*EXERCISE PROMPT:*
Everything in the data below is left aside except the lines from the one containing "This is a charming" through the one containing "Br China - Volksrepublik: 1967/70, single"; repeat those exactly.

*DATA RECORDS:*
+-------+
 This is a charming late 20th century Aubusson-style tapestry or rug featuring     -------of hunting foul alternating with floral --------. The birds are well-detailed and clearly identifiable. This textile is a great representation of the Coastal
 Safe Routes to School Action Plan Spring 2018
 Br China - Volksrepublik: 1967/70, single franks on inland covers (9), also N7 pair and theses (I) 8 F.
+-------+
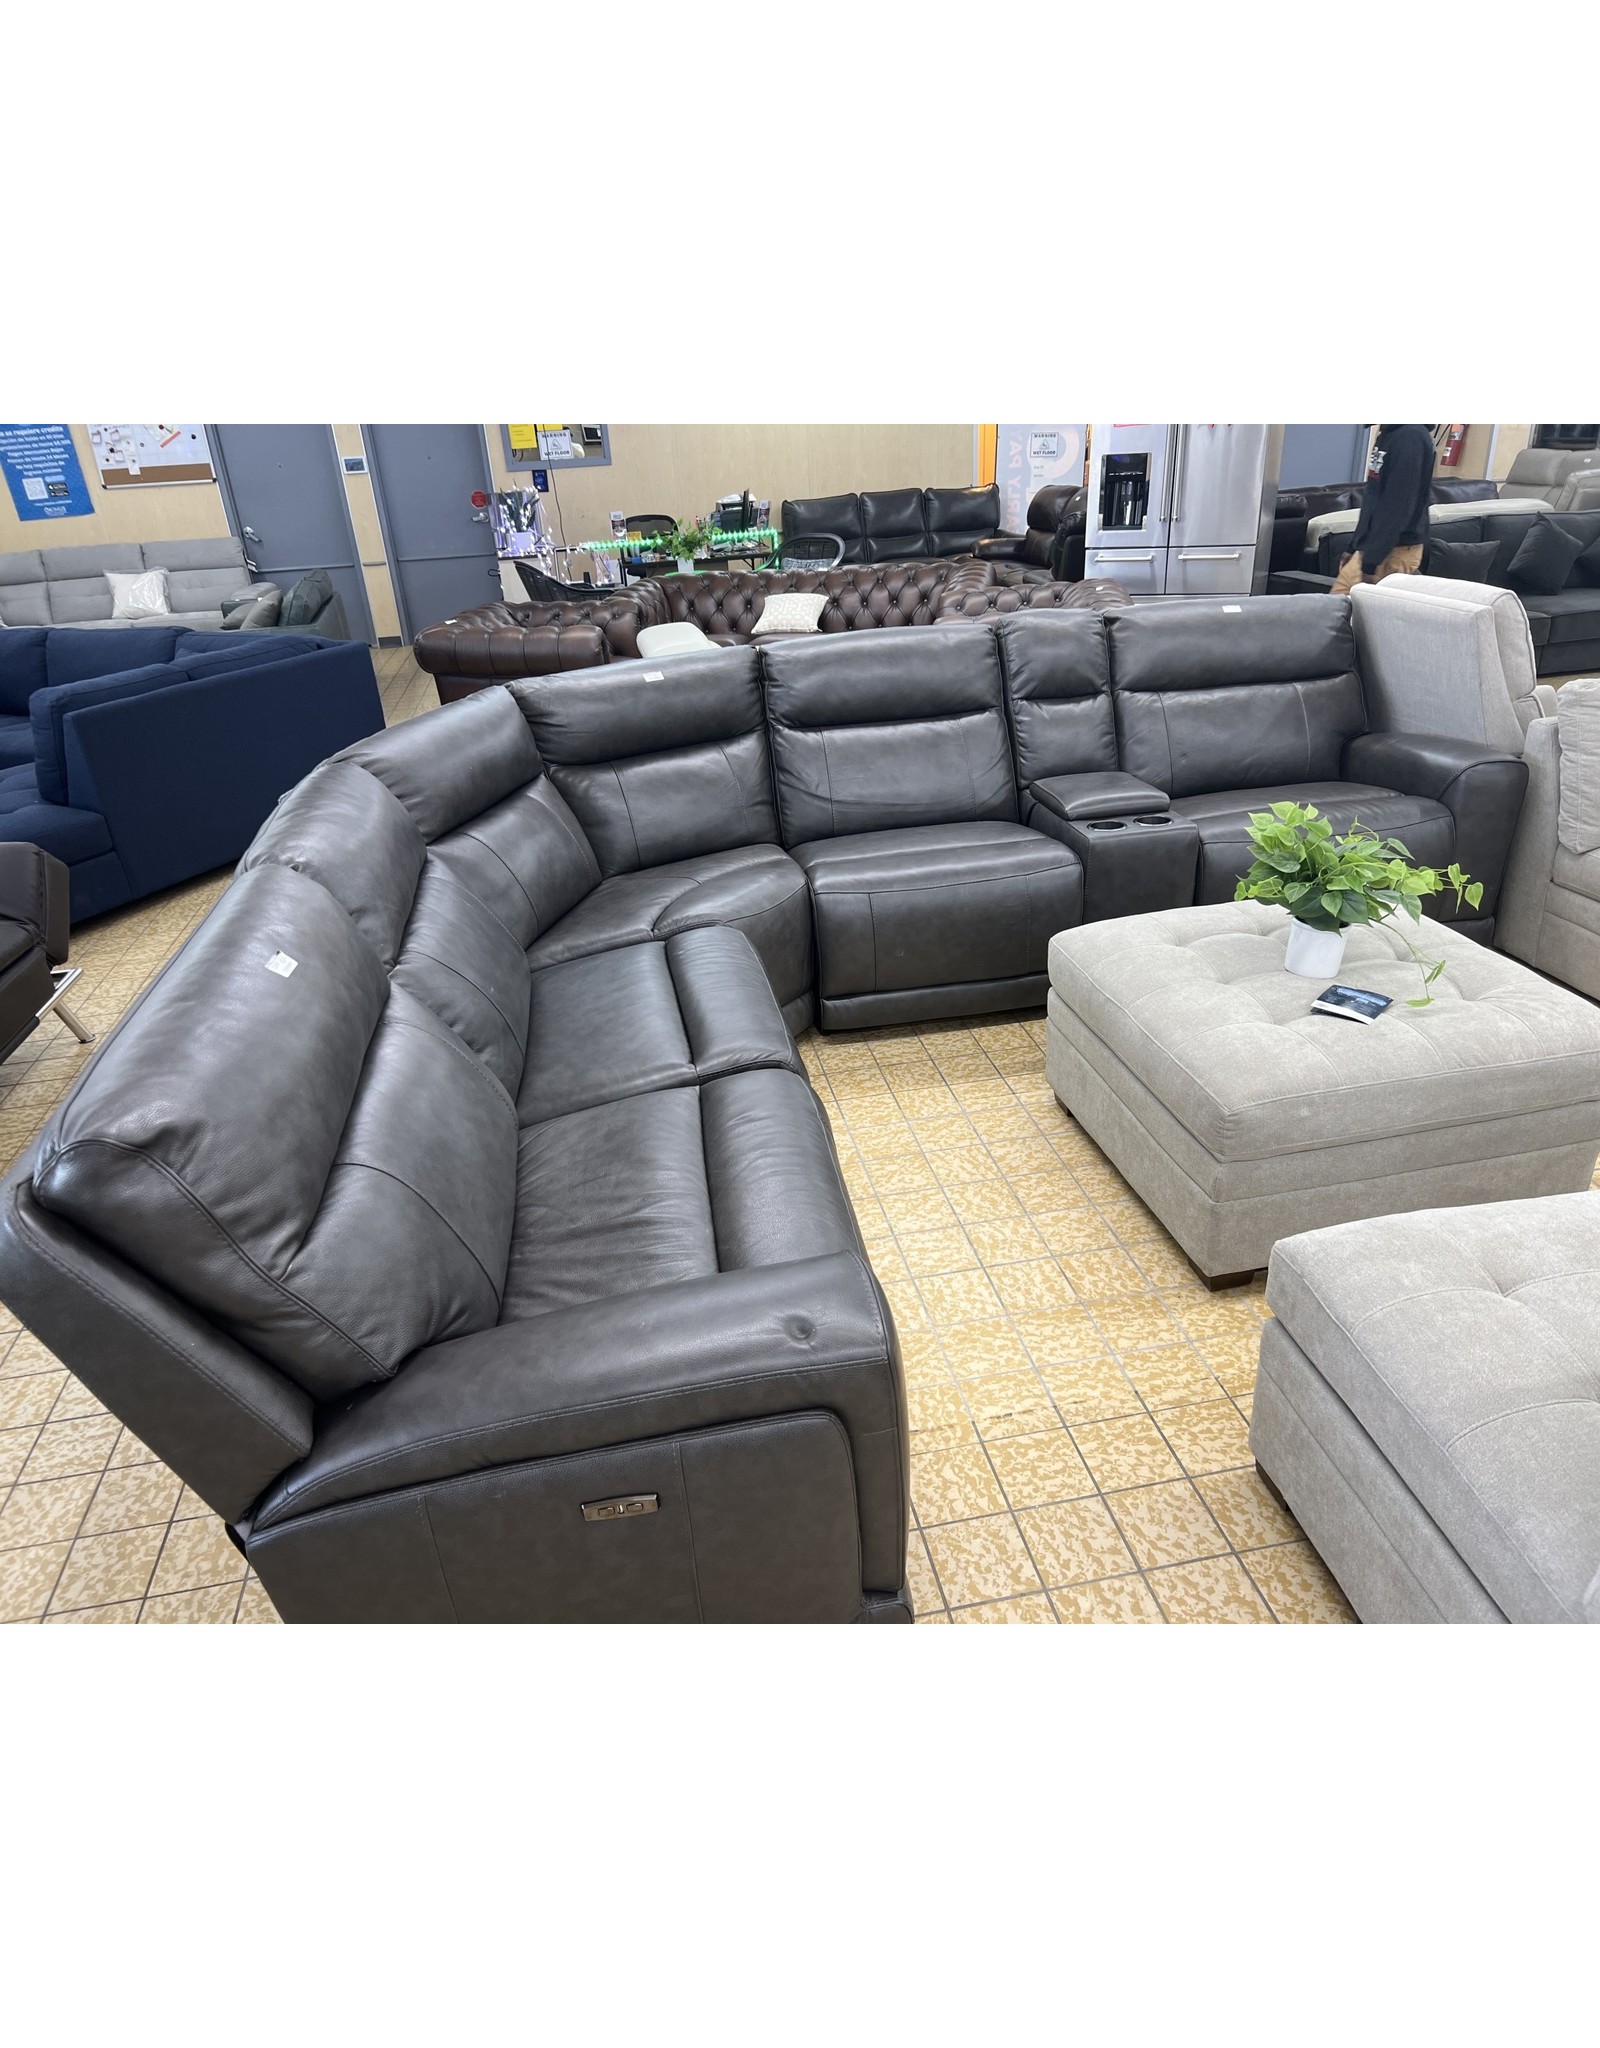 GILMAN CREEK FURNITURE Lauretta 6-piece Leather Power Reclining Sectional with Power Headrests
+-------+
*PROBLEM SOLUTION:*
 This is a charming late 20th century Aubusson-style tapestry or rug featuring     -------of hunting foul alternating with floral --------. The birds are well-detailed and clearly identifiable. This textile is a great representation of the Coastal
 Safe Routes to School Action Plan Spring 2018
 Br China - Volksrepublik: 1967/70, single franks on inland covers (9), also N7 pair and theses (I) 8 F.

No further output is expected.